On the other hand, it's useful for a seminary to recognize their role in conjunction with the churches where students are living their lives. Gordon-Conwell requires a pastoral recommendation before they will accept a new student, and has practical ministry experience requirements, which include evaluations by mentors who are themselves in ministry. I assume many seminaries do the same.

jul said...

I think we should leave room for grace and the power of God to change people too...And just because a guy's life is a mess doesn't mean he's not called to ministry though timing may be an issue. Wouldn't it make more sense to assess people and if they are truly called to then help them find freedom in areas of marriage etc.? I think sometimes we write people off too easily, then we have people in ministry who seem to have it all together and are just self-righteous legalists..pretty on the outside but dead man's bones on the inside. A very thought provoking post! What seminary did you go to? Cool your wife got to take classes as well, I'm sure it provided lots of good conversation starters!

PamBG said...

I'm not sure whether to wish you the wish that God grants you perfect and obedient teenage children or to wish you the wish that God grants you a congregation that will help your future teenagers to learn from the mistakes and rebellion that are manifestly a normal part of being a teenager. The latter seems a lot more healthy to me than the former.

My denomination is rather top-down. We are sent by the denomination to theology college and mutual discernment begins about a year before attending college, during college and after college. Evaluation is done by congregations, lay leaders, ordained ministers and health professionals. People you know very well and people you just met. Lots of input over a period of at least 5 years. Goodness knows it's not a perfect system but it does seem to weed out those who are truly incompetent and those who are power-hungry.

mike seaver said...

Hey everyone,
Thanks for the comments...it does seem that some seminaries are addressing this and others are not. I found it interesting that Mark Dever's 9Marks newsletter asked the same questions when it came out on Monday. Here is the link:

http://www.9marks.org/CC/article/0,,PTID314526%7CCHID598014%7CCIID2463176,00.html

tall guy said...

Great post.

As a seminary graduate, I'd have to totally agree with what you said. I was amazed, shocked, and concerned with some people there. Kyle mentioned that seminaries require a pastoral recommendation, and that is where the problem lies. Many pastors, elders, and church leaders are not willing to point out glaring character problems. If that pastor does, the person can usually find another pastor to sign off.

Bibically there is no seminary, since the seminary is an extention of the church. But over time the connection has eroded and there is little connection left. I've heard Al Mohler say more than once, "Don't send anyone to our seminary that you wouldn't hire at your church." You'd think that goes without saying, but it doesn't. My former church sent two people out that the pastor told me we'd never hire. It is very common.

And responding to Jul- I agree that a problem may not mean the person isn't called, but I do believe that 1 Tim 3 would disqualify him for that season of life. It says that a man must manage his household well, and the logic is that if a man can't lead his family, how can he lead God's family? But it's not for a professor to make that call, it's for the church.

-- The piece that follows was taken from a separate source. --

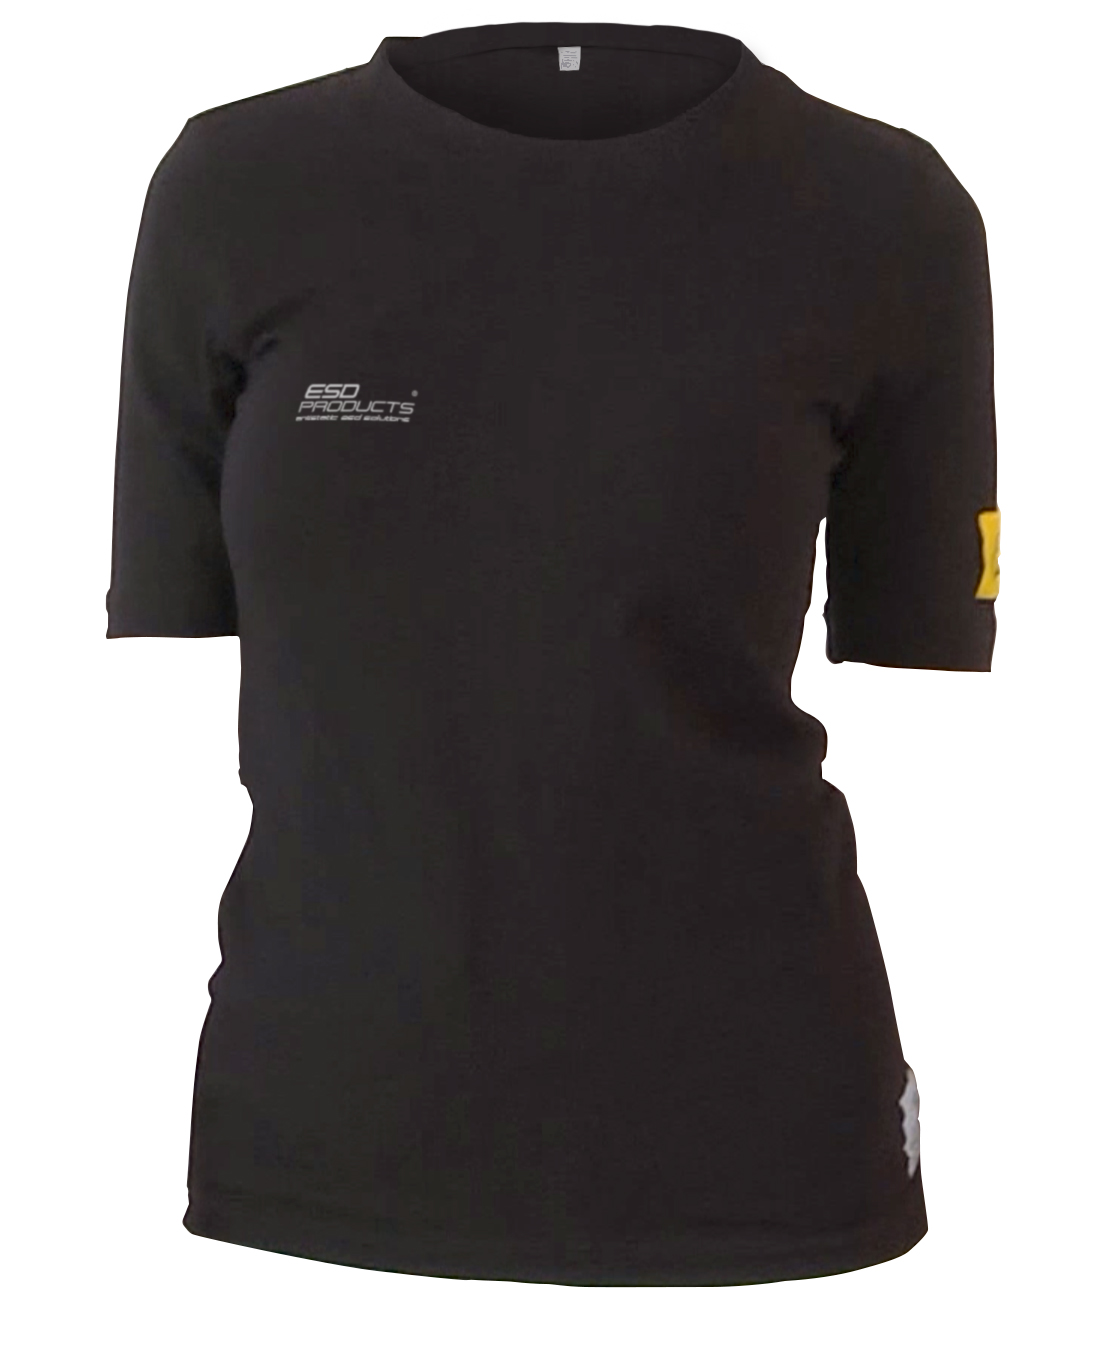 ESD Stretch T-Shirt Woman ATLY Short Sleeve Round Neck ALY20 Fabric Black Unisex XS - 473.ATLY-ALY20

I believe that the connection between the church and seminary is at fault. The seminary is an extention of the church and the connection must be reestablished.

I'm not saying this as some guy on a high horse. I'm saying this as a guy who graduated from seminary, served in ministry for 11 years, and stepped out because I wasn't leading my family well. It's what I believe 1 Tim 3 teaches, so I want to be obedient to it.